Autor |
Wiadomość |
Glon |
Wysłany: Nie 23:30, 15 Lut 2015 Temat postu: |
|
Nie ma sprawy. Cieszę się, że szkło już pełne i że woda spełnia oczekiwania. |
|
|
raffau |
Wysłany: Nie 23:13, 15 Lut 2015 Temat postu: |
|
no zobaczymy co będzie...baniaki zalane i wielkie dzięki w strone glona!! woda prima sort!! |
|
|
jogo |
Wysłany: Czw 20:53, 12 Lut 2015 Temat postu: |
|
Kup testy,gh,kh,ph i bedziesz pewien wody,a i jeszcze akatar bo nos tez potrzebny sprawny.5 l tygodniowo ktoś kto ma filtr i lapie sobie to i Tobie nałapie,albo kup butelke w jednym sklepie i kupuj w nim ciągle i tylko w tym jednym. |
|
|
raffau |
Wysłany: Czw 20:42, 12 Lut 2015 Temat postu: |
|
tak....no wszystko jasne...propos membrany prosze czytać ze zrozumieniem bo pisze to samo któryś raz, membrana wytrzymuje TYLKO KILKA M-CY więc sie nie opłaca zmienić jej co rok (bo wkłady zmienialem co 3mcy).Odniesienie do almy rozumiem i prawie sie z nim zgodze, gdyby nie fakt że zdarzalo mi sie kupić wode ro z marketu która zwyczajnie ..śmierdziała, wiem że takie przypadki bywały też w skali Polski, może ja zwyczajnie za dużo oczekuje. |
|
|
jogo |
Wysłany: Czw 00:36, 12 Lut 2015 Temat postu: |
|
Chyba zabardzo odleciałem |
|
|
Glon |
Wysłany: Śro 23:25, 11 Lut 2015 Temat postu: |
|
Przepraszam za off top, ale nie wytrzymałem.

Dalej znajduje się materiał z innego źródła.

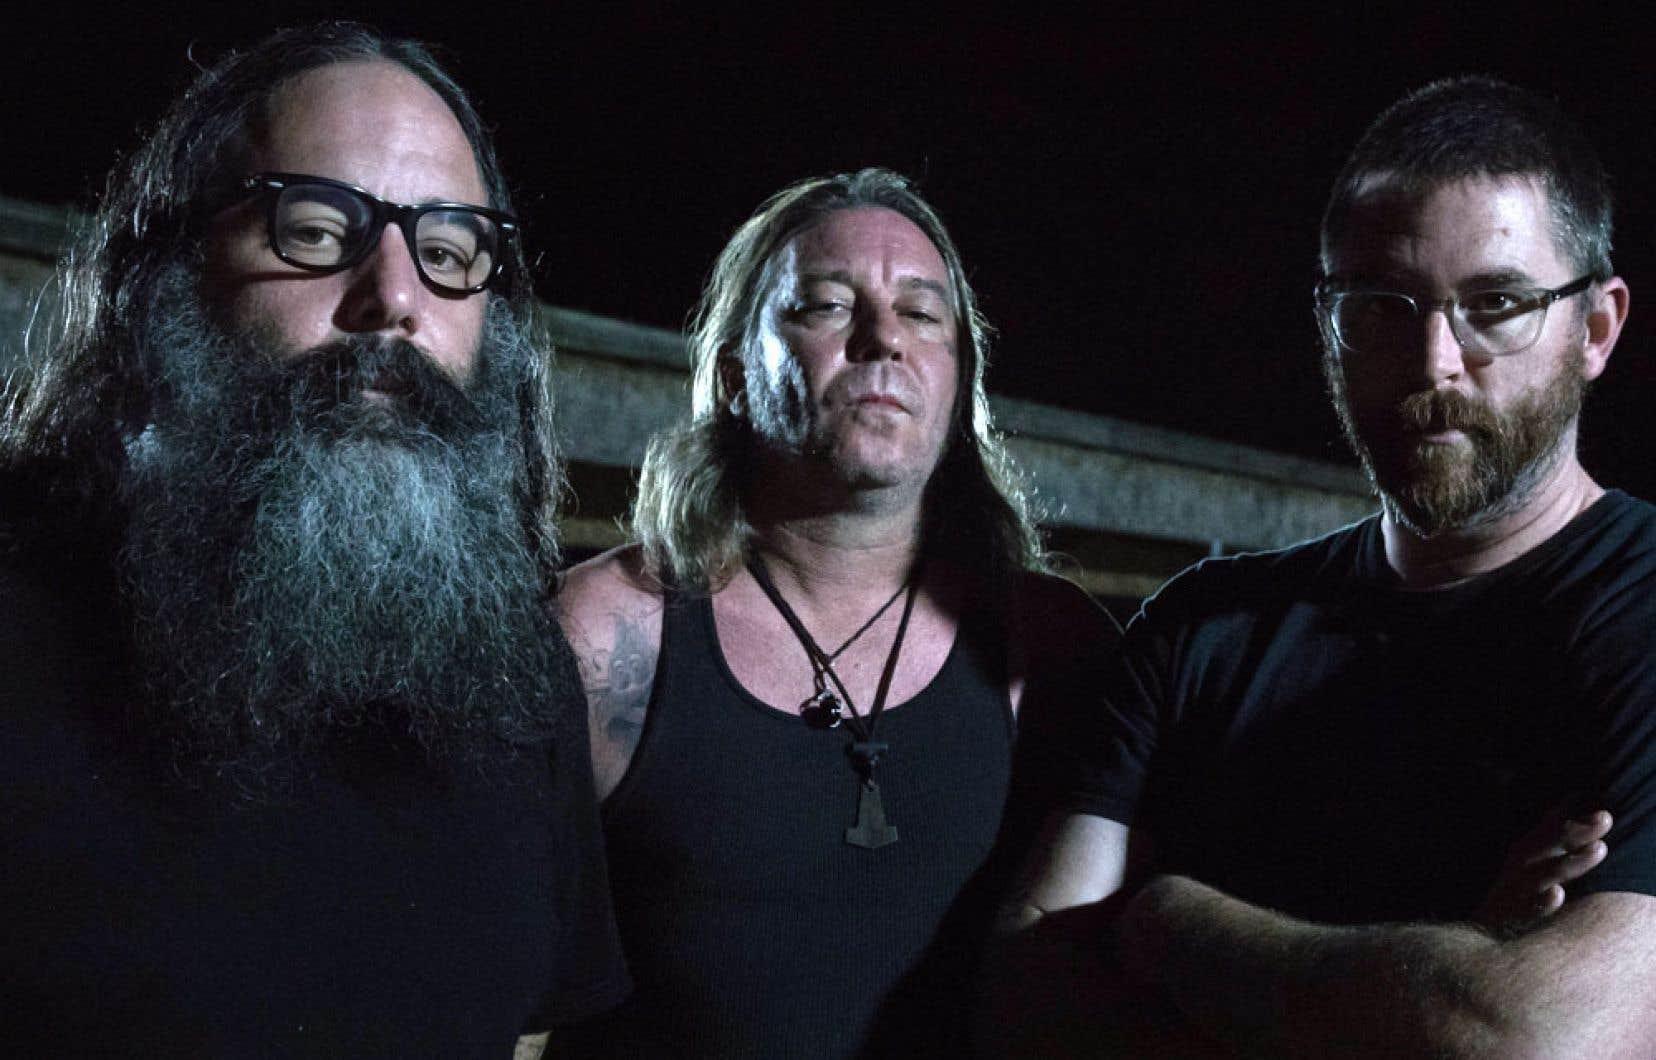 Le groupe de «stoner doom metal» américain, Sleep, est en spectacle à Montréal vendredi.

Jogo skąd ty takie pomysły bierzesz? |
|
|
jogo |
Wysłany: Śro 23:18, 11 Lut 2015 Temat postu: |
|
Jest alma i jest biedronka,nie wiem jak wchodzi zarcie z almy,z biedronki mi smakuje,zyje i nawet brzuch mi rośnie,moje dzieci tez rosną i Twoje krewety tez urosną nawet jesli na kanistrze napisza lub nie ze to super chiper potrujnie destylowana zrudlano cudowna oligoceńska super moc. |
|
|
Klusek |
Wysłany: Śro 23:12, 11 Lut 2015 Temat postu: |
|
Nie bardzo jestem w stanie sobie wyobrazić wody w stanie płynnym z którą membrana sobie nie poradzi
Jeśli chodzi o wodę w bańce z supermarketu na której jest napisane woda demineralizowana to jest to dokładnie woda z filtra RO i jak najbardziej nadaje sie do naszych celów (oczywiście nie sama RO) |
|
|
raffau |
Wysłany: Śro 23:02, 11 Lut 2015 Temat postu: |
|
panowie prefiltry wymieniałem co 3miesiące, żywica nie miała nic wspólnego z membraną bo stanowiła ostatni filtr, po prostu jakość wody wejściowej była (jest) tak masakryczna żę trzeba by montować filtr solankowy centralny na ujęciu wody i do tego filtr ro, kto tej wody nie widział ten nie wie o czym mówie. Tylko że mnie sie po prostu nie opłaca kupno filtrów ro bo trzeba mi tylko 5litrów tygodniowo. Swego czaseu w leclercu była dostępna woda ro firmy "phoenix" i na butelce było napisane że ma przeznaczenie akwarystyczne (między innymi oczywiście). W tej chwili ŻADNA woda w marketach takiego napisu nie posiada. Być może dyskutujemy o sprawie błachej ale jeśli mam trzymać coś żywego, to nie dopuszcze żeby się męczyło, zgodzicie sie panowie? |
|
|
Klusek |
Wysłany: Pon 14:50, 09 Lut 2015 Temat postu: |
|
Przez membranę przechodzi tylko czysta woda i o stałych parametrach. Nie mam możliwości aby te parametry sie bardzo zmieniały, były lepsze lub gorsze w znacznym stopniu. Jeśli woda kranowa jest bardzo twarda to po przejściu przez membranę GH będzie bliskie " 0 " a nie mniejsze o np. 15stopni. Jeśli membrana zacznie się kończyć to spadnie jej wydajność i po prostu sie zapcha. Dlatego konieczne jest stosowanie filtracji wstępnej i wymiana tych filtrów dość często ( ok 6mcy) a trwałość samej membrany to ok trzy lata |
|
|
rabbit |
Wysłany: Pon 12:30, 09 Lut 2015 Temat postu: |
|
raffau napisał: | wszystko sie zgadza kolego ale ja nie mówie o wkładach tylko o membranie, i tak jak wyżej ktoś słusznie napisał skale no były takie że nawet osmoza nie radziła....i to mnie prowadzi do punktu wyjścia czyli poszukiwania osmozy zdatnej do lania do krewetek |
...ale ja nie piszę o membranie tylko o wkładach. Jeśli o nie nie zadbasz to nie masz co liczyć na prawidłową pracę membrany. Jeśli w wodzie jest pełno zanieczyszczeń mechanicznych powodujących również wysokie twardości to dokładasz dodatkową prefiltrację a nie traktujesz membranę żywicami.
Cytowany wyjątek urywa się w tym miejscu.